§ **Given information**:
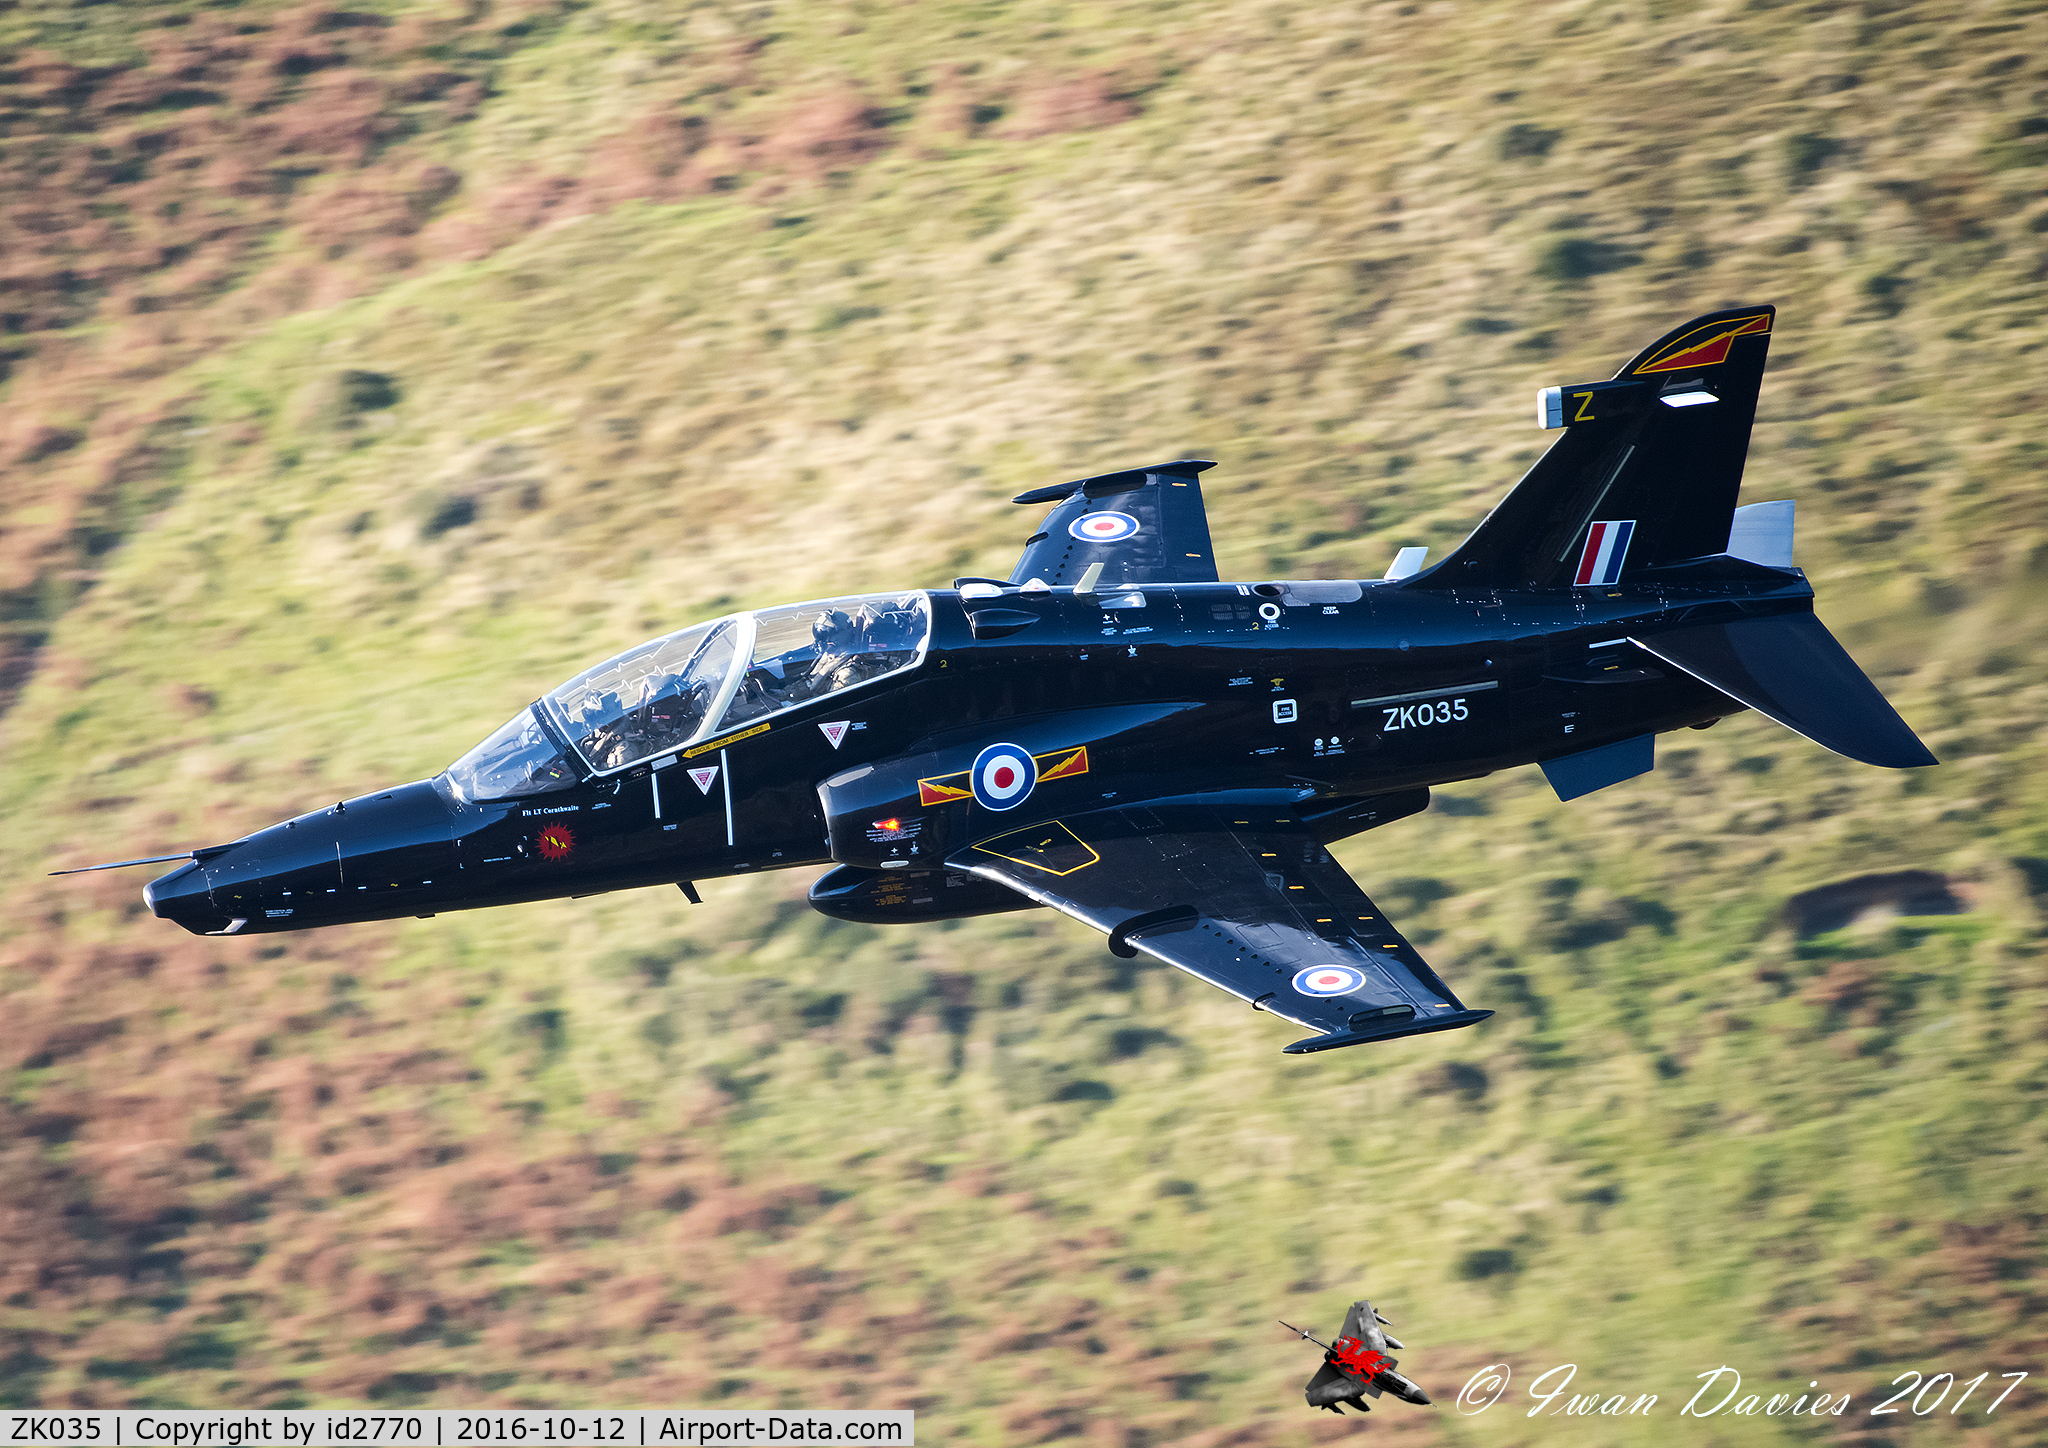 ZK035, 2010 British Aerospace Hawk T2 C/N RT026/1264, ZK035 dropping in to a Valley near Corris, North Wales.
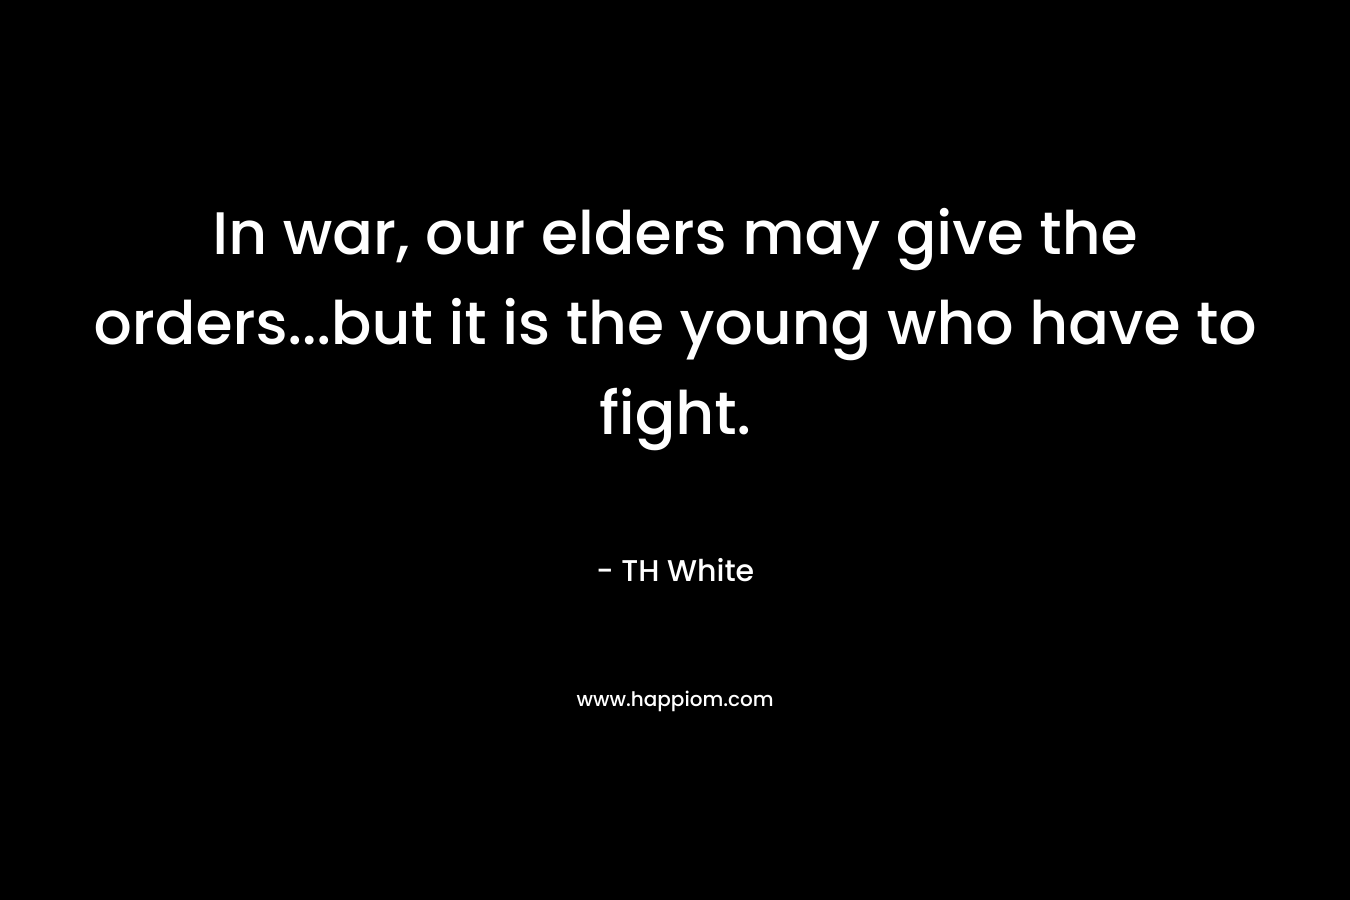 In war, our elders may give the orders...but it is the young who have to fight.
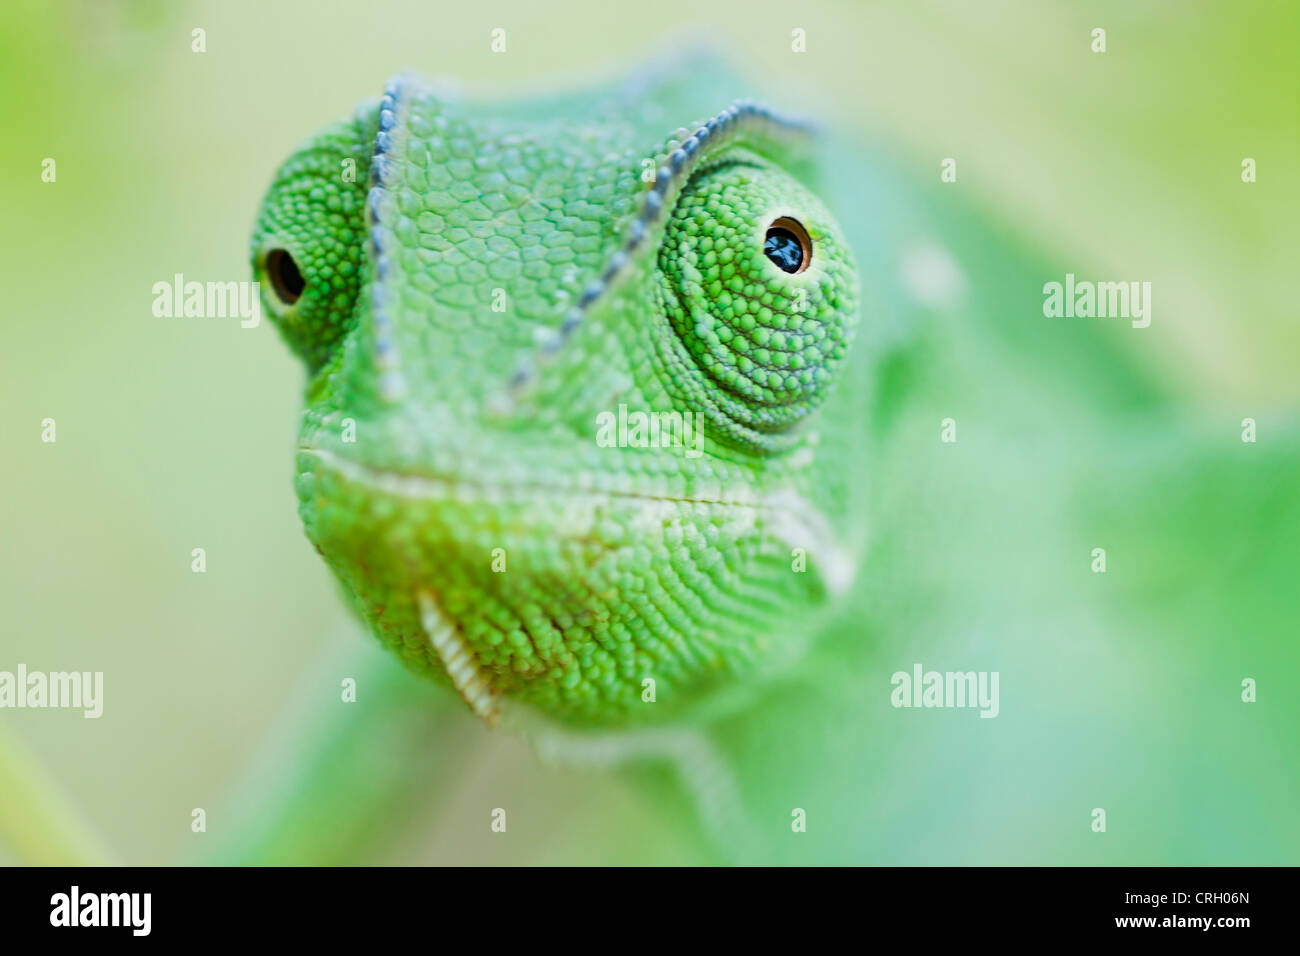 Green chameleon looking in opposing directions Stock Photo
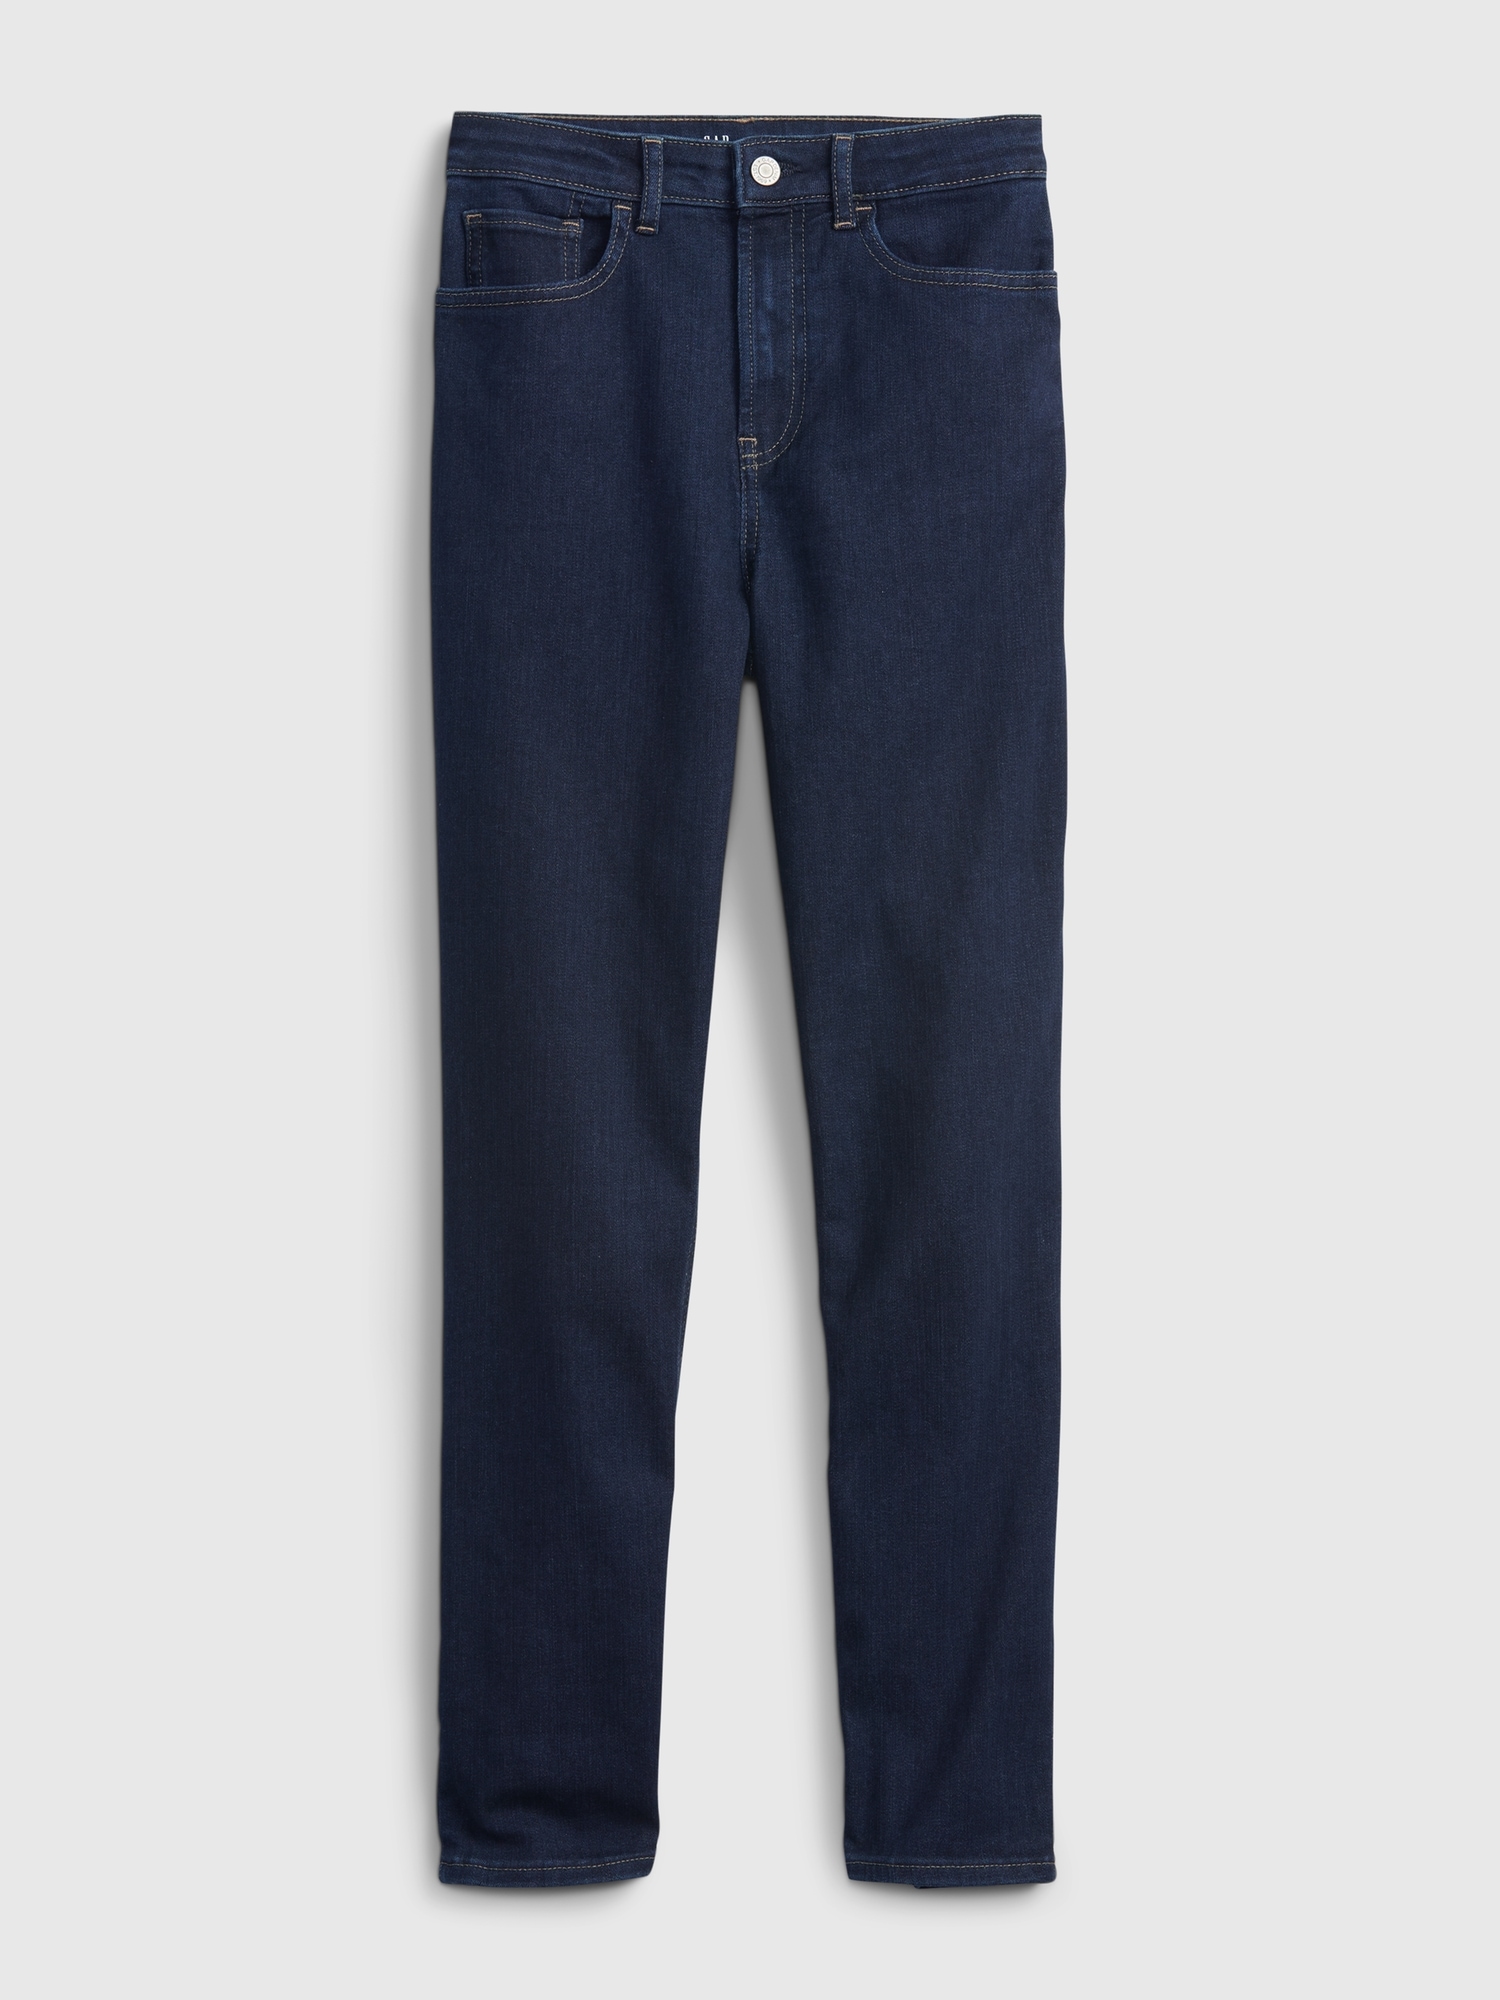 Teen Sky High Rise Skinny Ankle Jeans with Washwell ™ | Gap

§ **Task to carry out**:
Copy out every line above, word for word, minus images.

§ **Completed task**:
 ZK035, 2010 British Aerospace Hawk T2 C/N RT026/1264, ZK035 dropping in to a Valley near Corris, North Wales.
 In war, our elders may give the orders...but it is the young who have to fight.
 Green chameleon looking in opposing directions Stock Photo
 Teen Sky High Rise Skinny Ankle Jeans with Washwell ™ | Gap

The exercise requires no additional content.